Data excerpt →
★ ★ ★ ★ ★
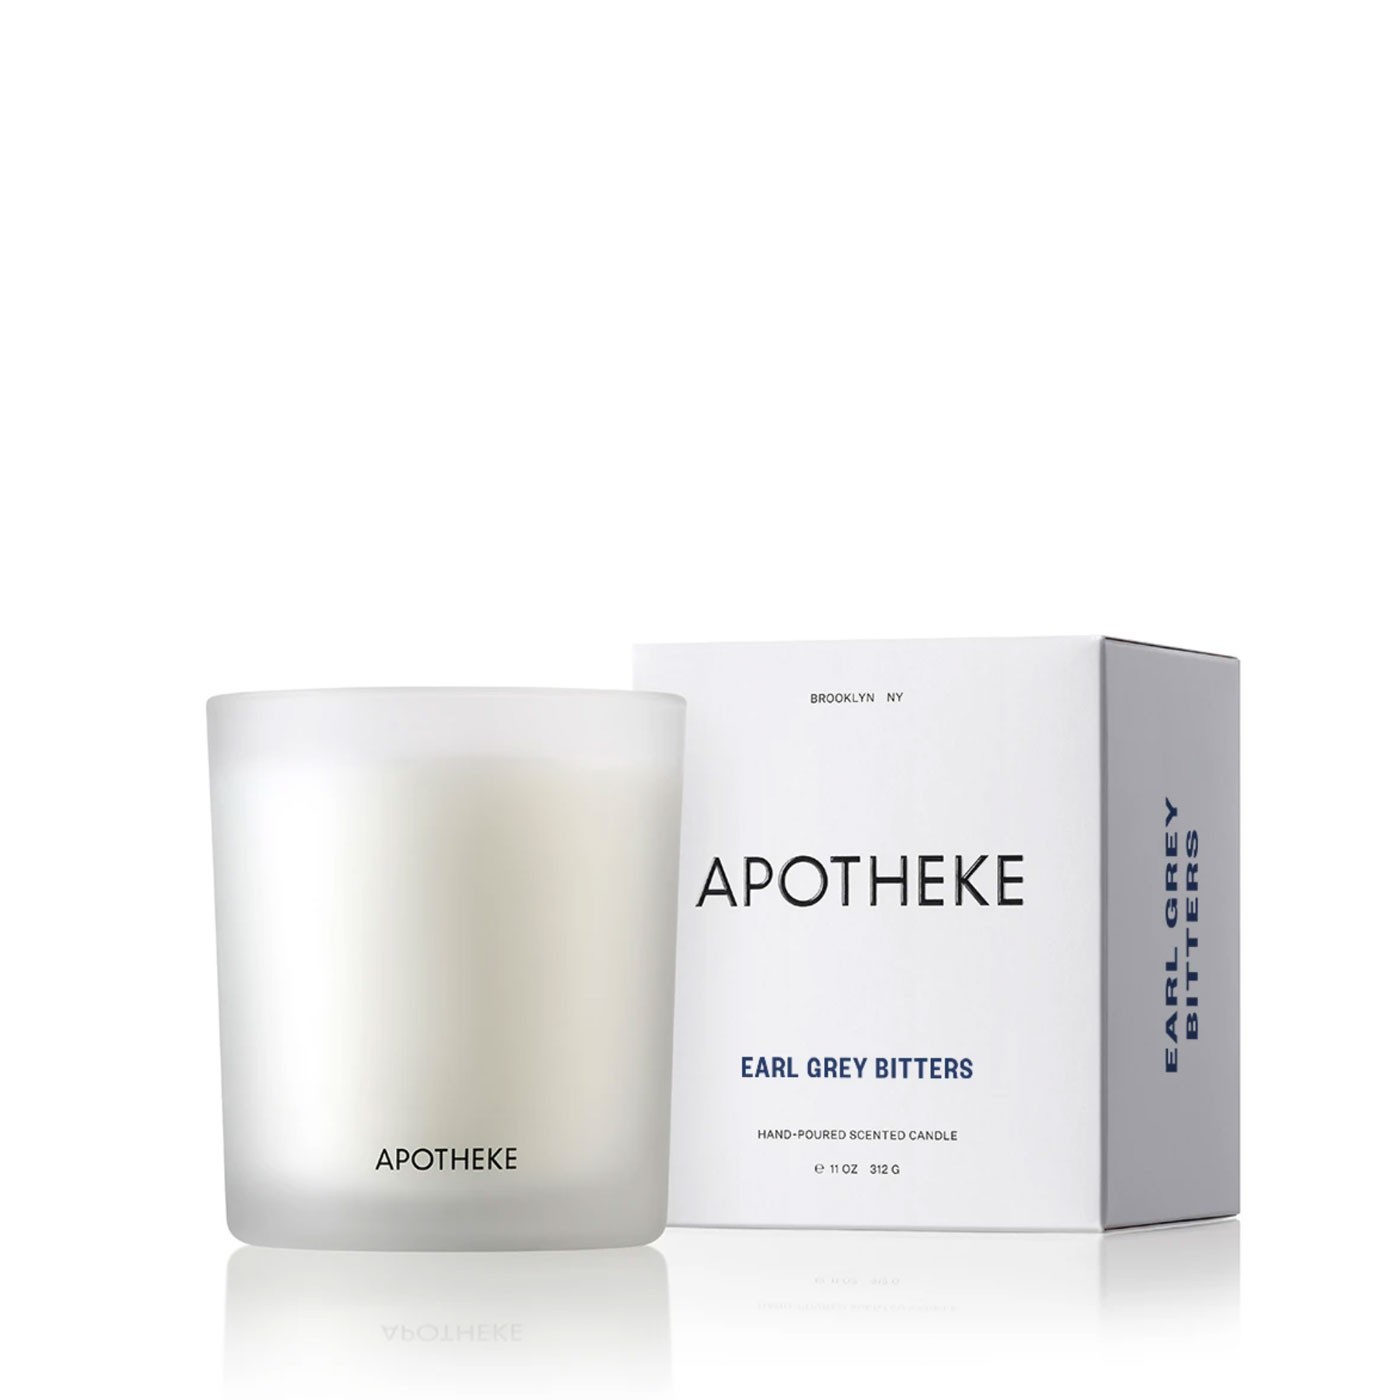 Earl Grey Bitters Scented Candle 11 oz - Apotheke | Eataly.com
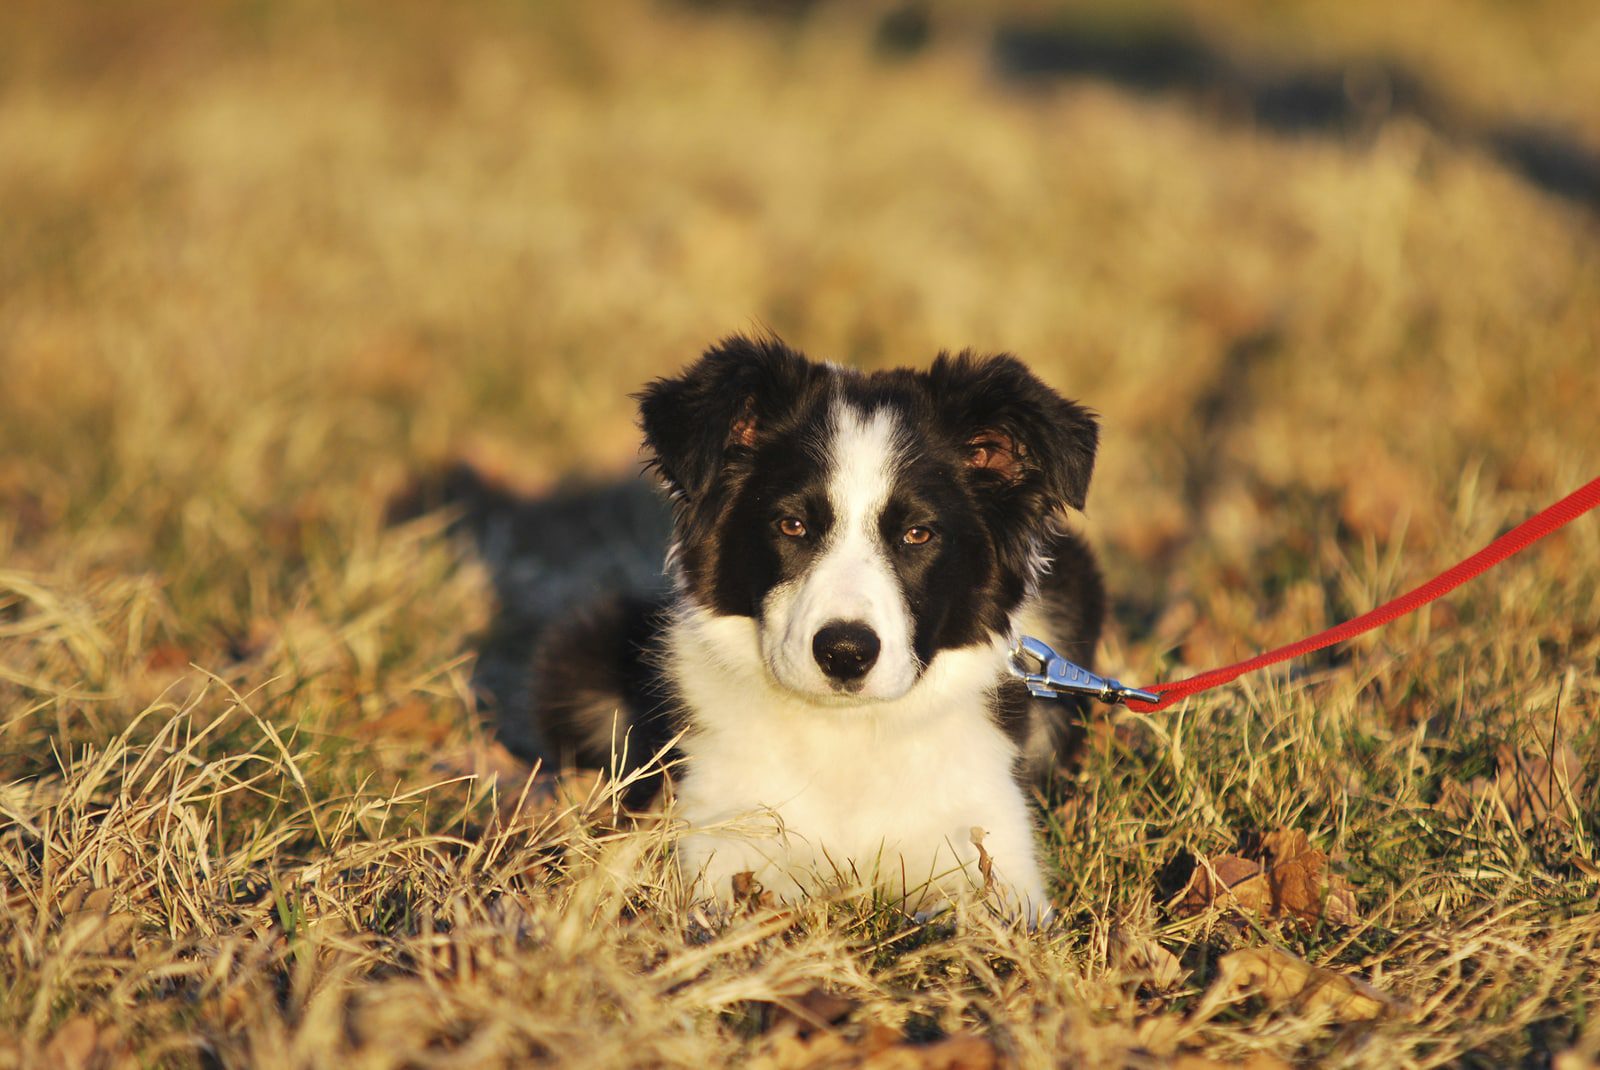 How to teach a puppy to a leash?
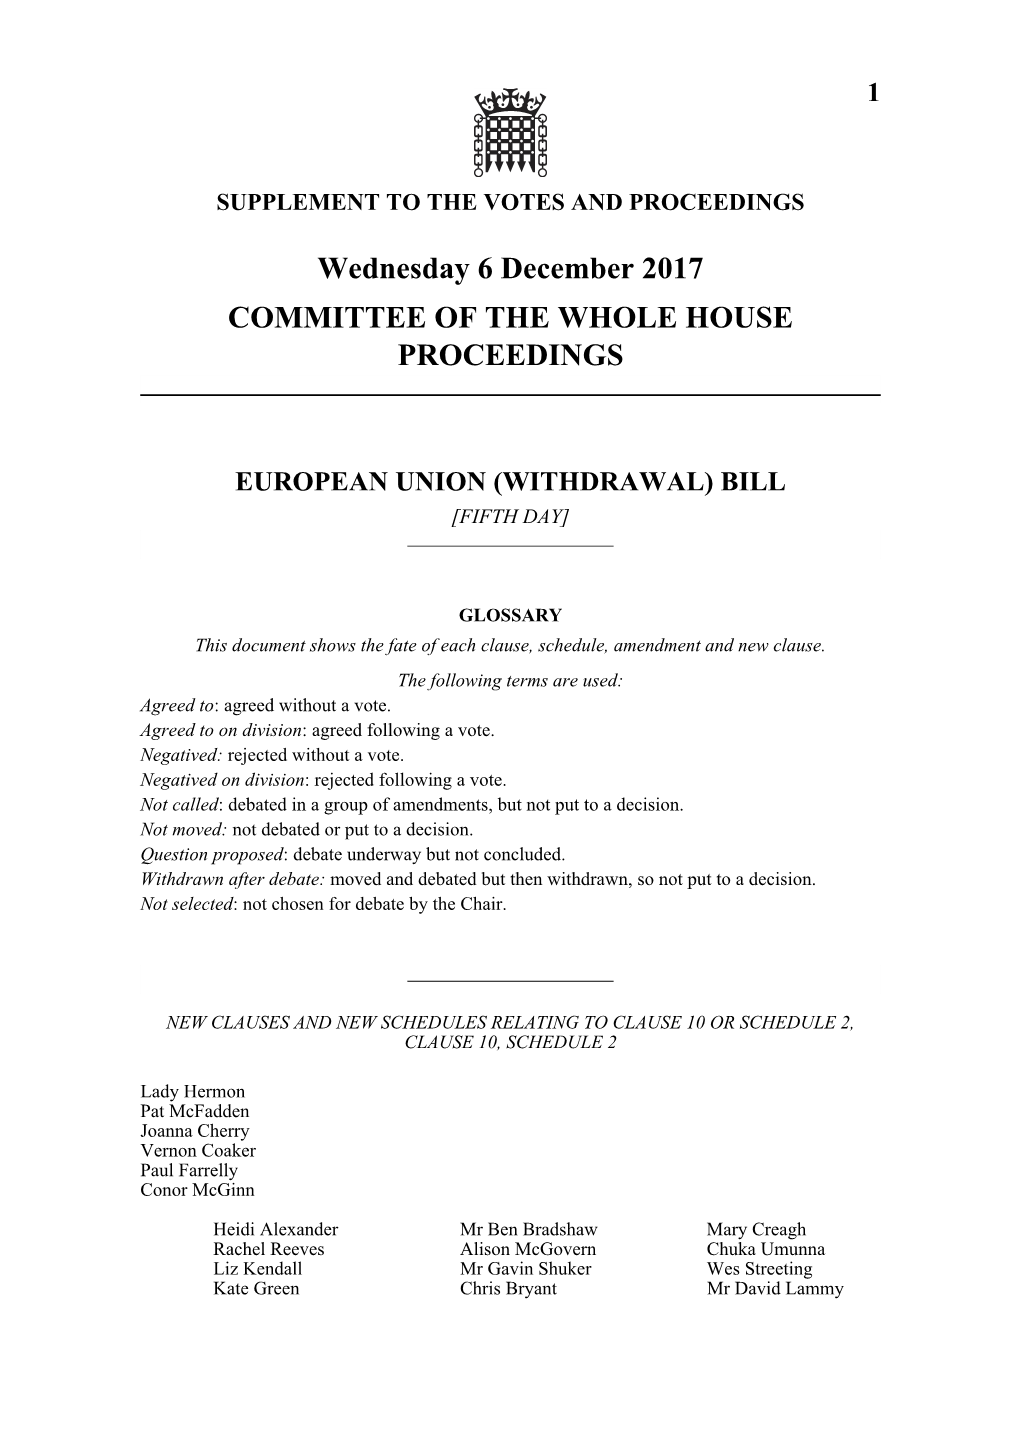 Wednesday 6 December 2017 COMMITTEE of the WHOLE HOUSE PROCEEDINGS
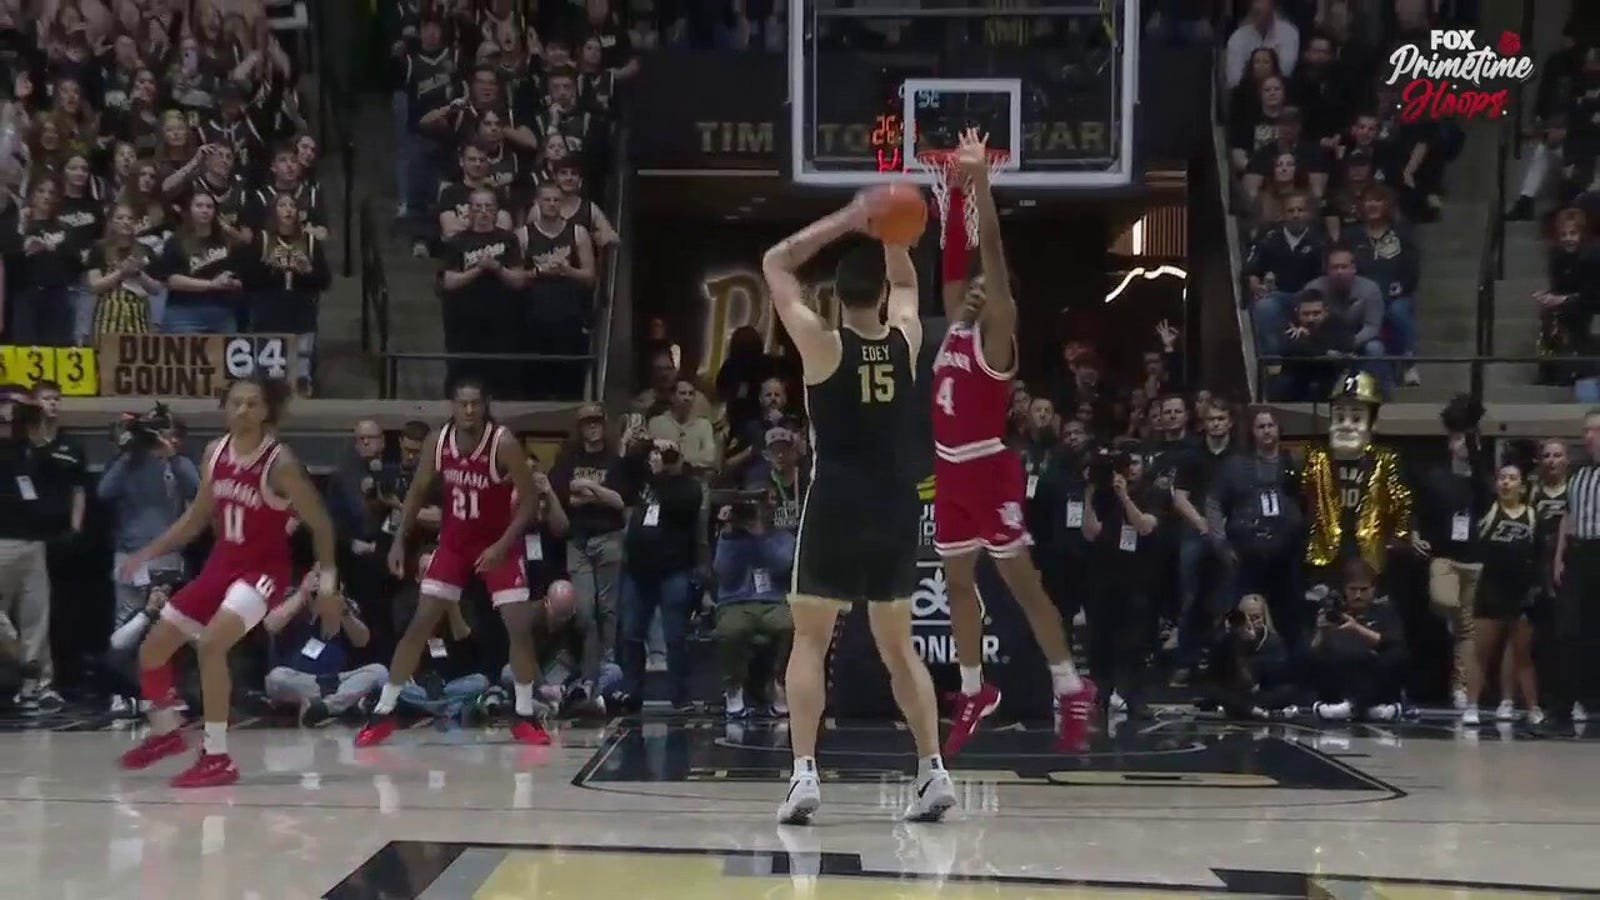 Purdue's Zack Eddy shows off his range and knocks down his first collegiate 3-pointer vs. Indiana
★ ★ ★ ★ ★
Problem description → Quote exactly the lines from the one that contains "Wednesday 6 December" through the end of the listing above, both ends included, leaving out the pictures.

Output for this task →
 Wednesday 6 December 2017 COMMITTEE of the WHOLE HOUSE PROCEEDINGS
 Purdue's Zack Eddy shows off his range and knocks down his first collegiate 3-pointer vs. Indiana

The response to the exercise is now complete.